Cubist right to inject caution into much-needed acquisition spree
With one eye on the loss of its almost-blockbuster Cubicin a couple of years down the road, Cubist has made two acquisitions that should go some way to plugging the hole. The acquisitions of Optimer and Trius – for up to $1.6bn in total – have been made primarily for Dificid and tedizolid, considered two of the most promising novel antibiotics around.
Investors liked the deals: Cubist shares jumped 10% to $62.72 in early trade, a 12-year high. But the company now faces a big challenge in making these products successful in heavily genericised markets; concerns already exist that demand for Dificid, launched in 2011, has been sluggish.
Cubist bought Trius largely for tedizolid, or TR-701, a second generation oxazolidinone antibiotic that will be filed for US and European approval in the coming months. It agreed to pay $13.50 a share and a further $2 per share if certain sales milestones are hit. That represents premiums of 15% and 19%, respectively, over yesterday’s closing share price, and values the deal at $707m or $818m at maximum. Trius shares had already more than doubled this year, from $4.78, making that premium look even more generous.
Tedizolid is an improved version of Pfizer’s blockbuster Zyvox, which is considered standard-of-care for pneumonia and goes off patent in 2015. The Trius agent is viewed as more potent and safer, with more convenient dosing. Initial filings will be made in skin infections with approval possible next year in the US.
Assuming Cubist can stick to these timelines, it should have at least 12 months to establish the product before generic Zyvox hits the market. Analysts are currently forecasting sales of $95m in 2016, according to EvaluatePharma. Under the terms of the CVRs, sales in the US, Canada and Europe have to hit $125m for shareholders to see any more money.
Dificid provides a good example of the struggles that new antibiotics can face when they reach the market, even when they are armed with data establishing them as superior to the incumbents. Although there is high demand for novel agents in the face of rising antibiotic resistance and challenging hospital acquired infections, novel agents are expensive. Because of this, and due to their scarcity, they are often reserved as last resort treatments, a situation that will likely be exacerbated as huge antibiotic franchises like Zyvox go off patent.
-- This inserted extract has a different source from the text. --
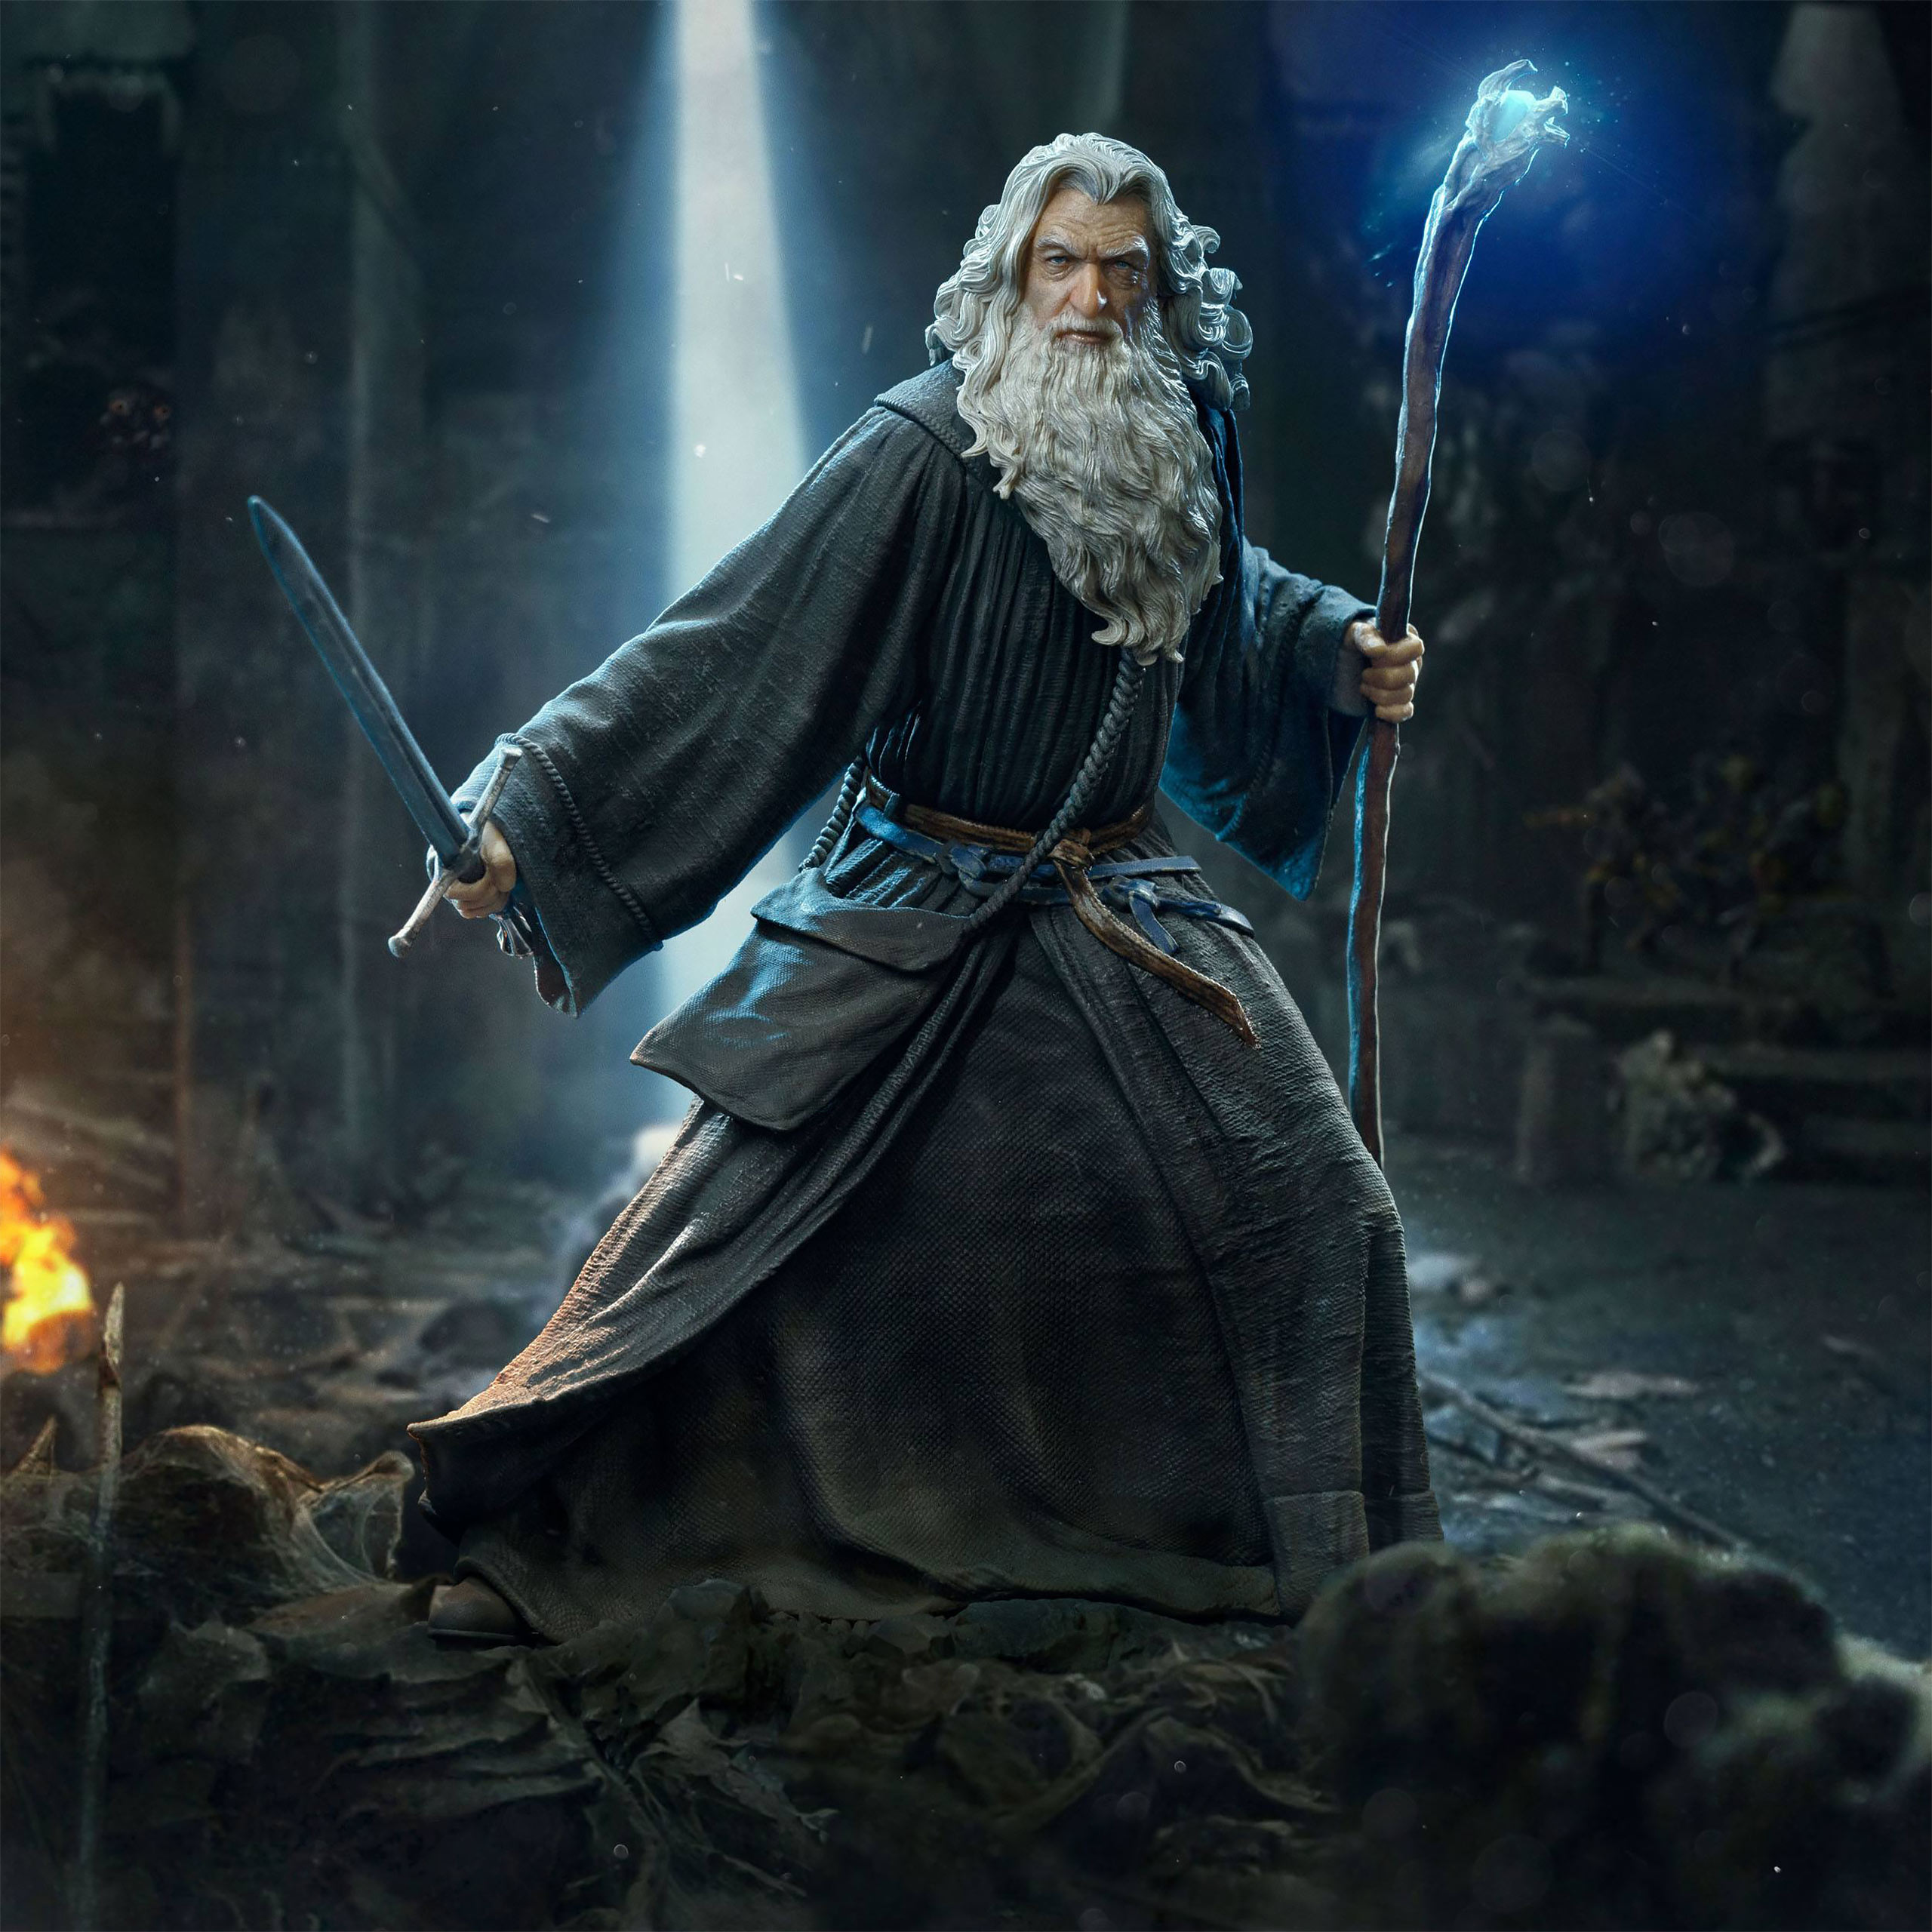 Seigneur des Anneaux - Gandalf BDS Art Scale Deluxe Statue 1:10

Dificid, which treats diarrhoea caused by the hospital infection Clostridium difficile, has been on the market in the US since mid-2011, and Cubist has been co-promoting it with Optimer since its launch. Despite data showing it has a better record at preventing recurrent infections, analysts have been trimming forecasts as quarterly sales figures have failed to impress, expressing concern that the high price of the drug is hampering uptake given that much of the competition is generic.
As a partner, Cubist will be well aware of the challenges facing Dificid, and this perhaps explains why the terms of the deal do not look as generous as the Trius transaction. And of course Optimer, with $77.5m in the bank and quarterly operating expenses of around $50m, was not in a strong position to haggle over the price.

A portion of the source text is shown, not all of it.